Hier kommt IoT ins Spiel und gleichzeitig stellen diese Anforderungen IoT vor große Herausforderungen. Der Einsatz von IoT würde es vermutlich den Unternehmen ermöglichen, viele Informationen über messbare Bedingungen zu sammeln. Diese Informationen, die in Analyse- und Messwerkzeuge einfließen, könnten die Möglichkeiten der autonomen Maschinen erweitern und gleichzeitig die Notwendigkeit menschlicher Kommunikation reduzieren.
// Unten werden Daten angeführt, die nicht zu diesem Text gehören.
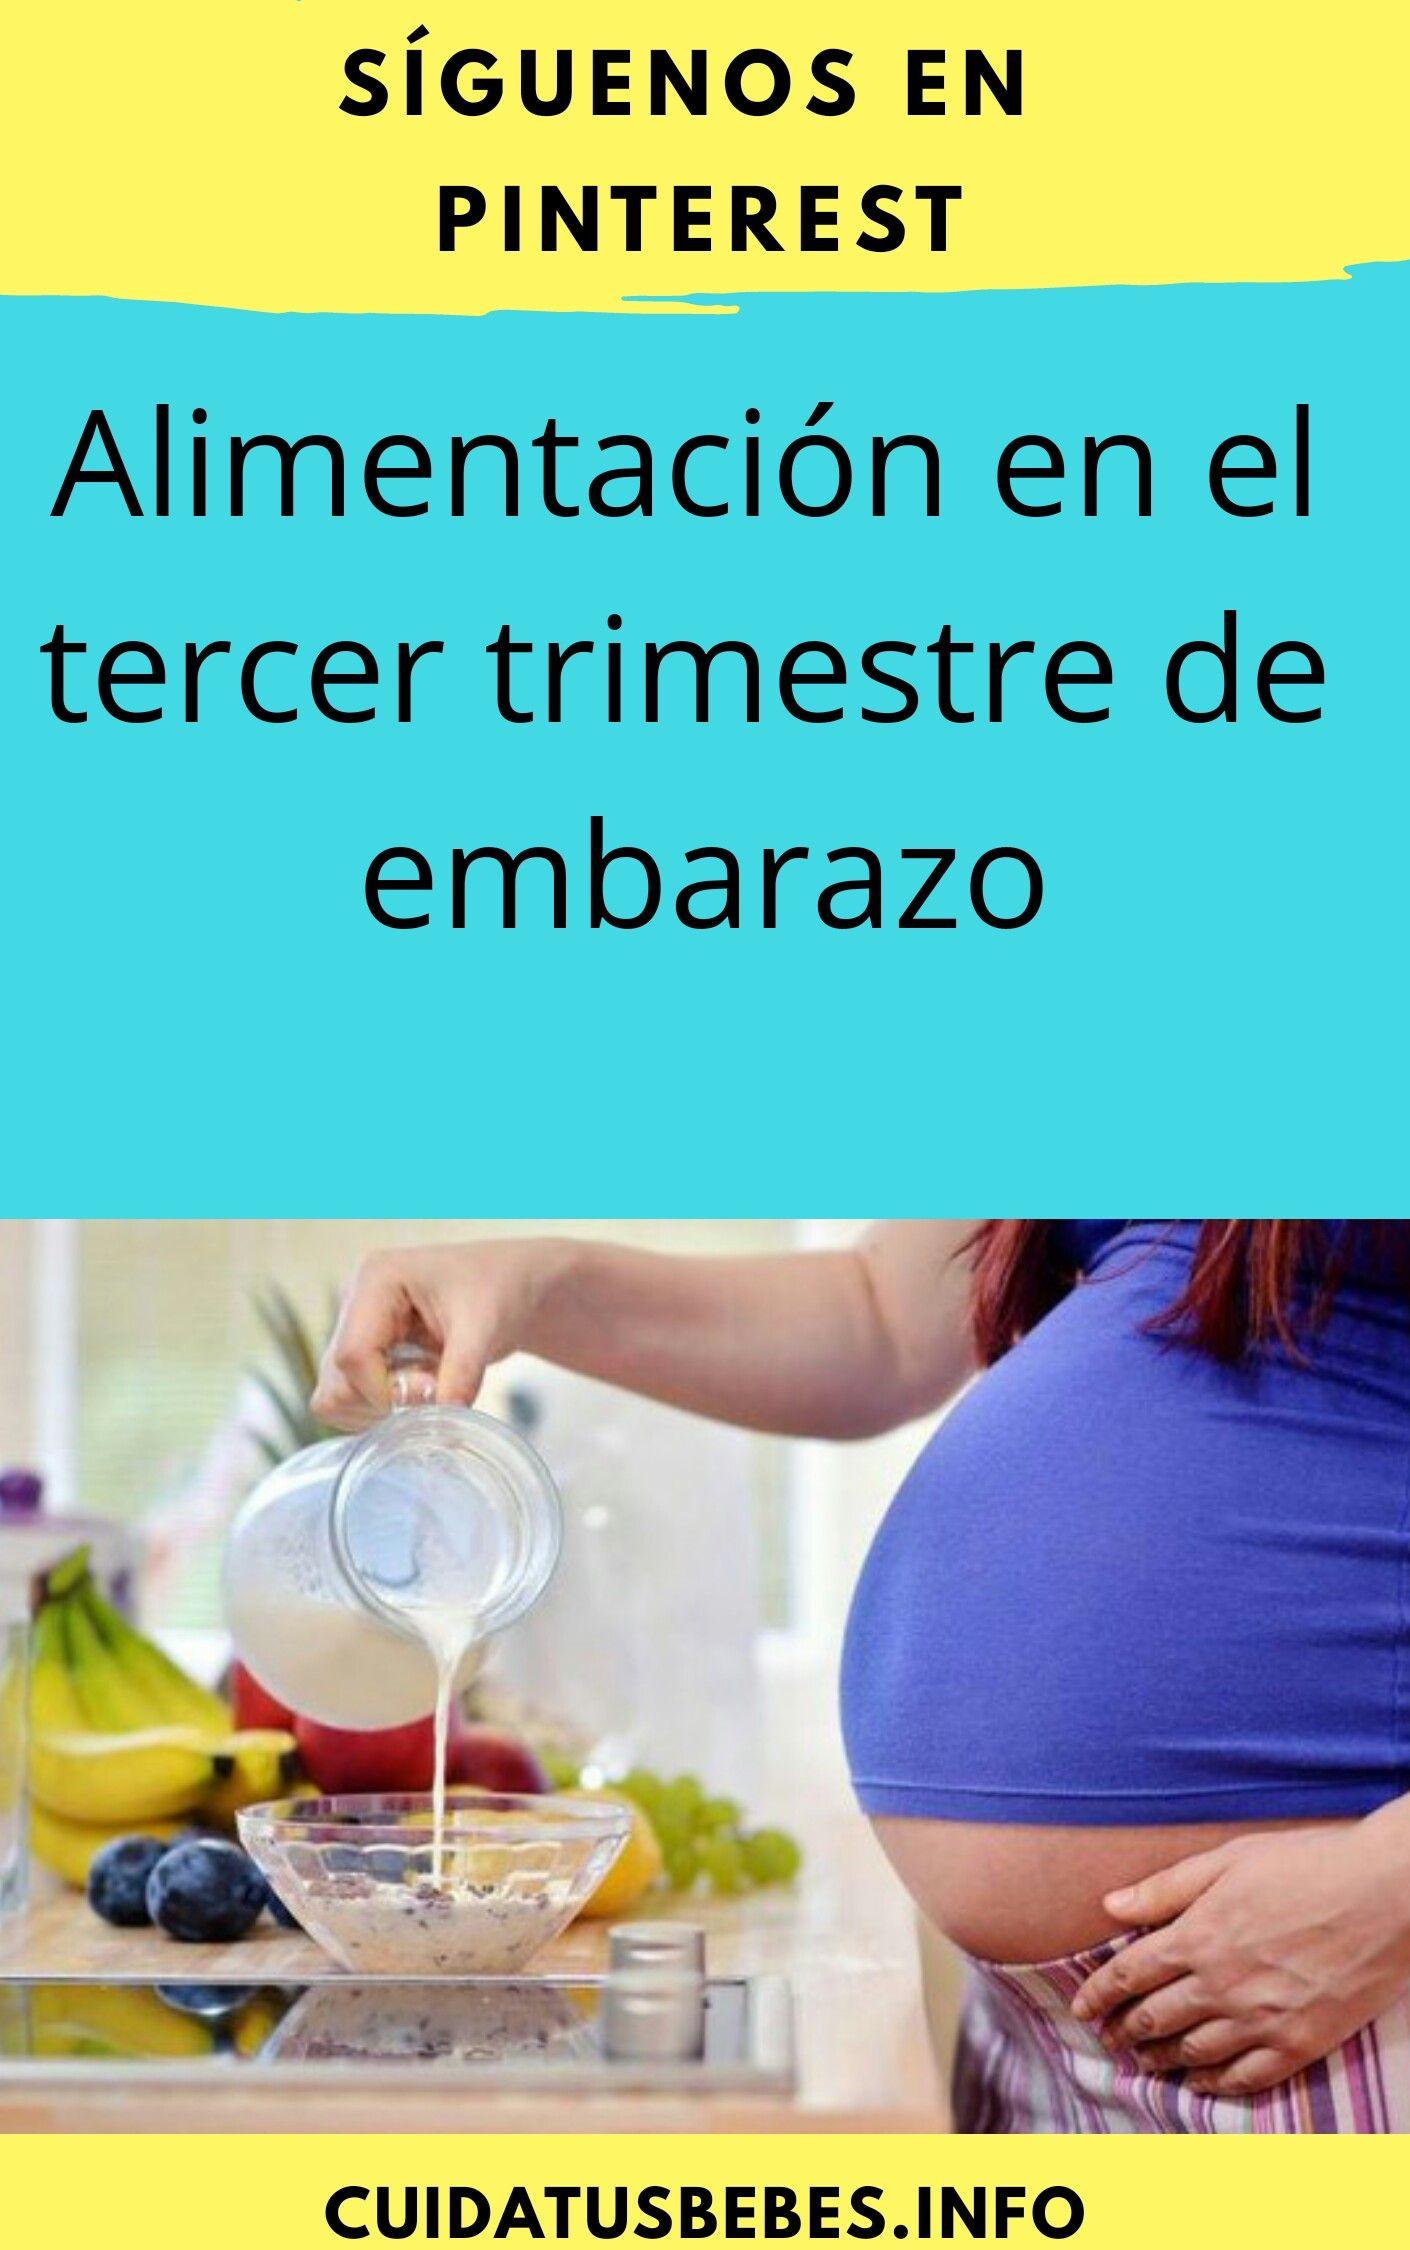 Dieta tercer trimestre de embarazo

Zwei Dinge sind jedoch notwendig, um deren Wirkung zu optimieren:

  • Es müssen eine Vielzahl an Sensoren bereitgestellt werden und
  • es wird eine Korrelation zwischen den unterschiedlichen Bedingungen, Aktionen und Ergebnissen notwendig.

Die erste Bedingung kann IoT noch nicht oder nur mit sehr viel Aufwand liefern. Schlimmer ist jedoch, dass IoT die zweite Bedingung wahrscheinlich nie erfüllen wird.

Heute verfügen wir weltweit bereits über Milliarden von Sensoren. Aus diesem Grund benötigen wir über keine neuen Technologien, Budgets oder Datenschutzregeln um diese einzusetzen zu können. Das Problem besteht darin, dass wir die bereits vorhandenen Sensoren zu einem vernünftigen Ganzen zusammenschalten, ohne dabei die üblichen Kompromisse eingehen zu müssen. Wenn ein Unternehmen oder eine Privatperson über Bewegungssensoren außerhalb des Gebäudes verfügt, kann man überlegen, ob die erfassten Informationen einem gemeinschaftlichen Netzwerk zur Verfügung gestellt werden können. Würden man das auch mit Sensoren im Innenbereich der eigenen Gebäude machen? Wahrscheinlich nicht. Aus diesem Grund müssen wir und bei der IoT-Technik erst einmal darauf einigen, wie wir die bereits installierten Sensoren und deren Daten nutzen wollen.

Damit IoT-Systeme die menschliche Zusammenarbeit verdrängen können, benötigen wir komplizierte Regeln für den IoT-Einsatz. Wir verfügen bereits über Haussicherheitssysteme, die die Polizei ohne menschliches Eingreifen ruft. Den Schlüssel zur Realisierung einer IoT-gesteuerten Autonomie bildet die Rückkopplung zwischen den Bedingungen, den Aktionen und den Ergebnissen. Die Sensoren stellen uns nicht die gewünschten Informationen zur Verfügung. Wir benötigen entweder vorverarbeitete Informationen aus autonomen Systemen oder eine durch zusätzliche Informationen gesteuerte Maßnahmen.

Fazit

Die derzeitige Realität lautet: Wir verfügen über eine Vielzahl von Technologie-Initiativen, die darauf abzielen, die menschliche Interaktion – dadurch auch die durch den Menschen verursachten Kosten – aus Geschäftsprozessen zu entfernen. Analytics und IoT sind nur Beispiele für diesen Trend. In dem Maße, wie zukünftige technologische Innovationen vom Kostenmanagement und von Effizienzziele getrieben werden, müssen wir notgedrungen eine Verringerung der menschlichen Interaktion akzeptieren. Dies sorgt auch dafür, dass die Notwendigkeit der menschlichen Kommunikation und der menschlichen Zusammenarbeit reduziert wird. Als Resultat erhalten wir eine sogenannte „Machine Collaboration“, die mittelfristig den Menschen aus vielen Arbeitsbereichen verdrängen könnte.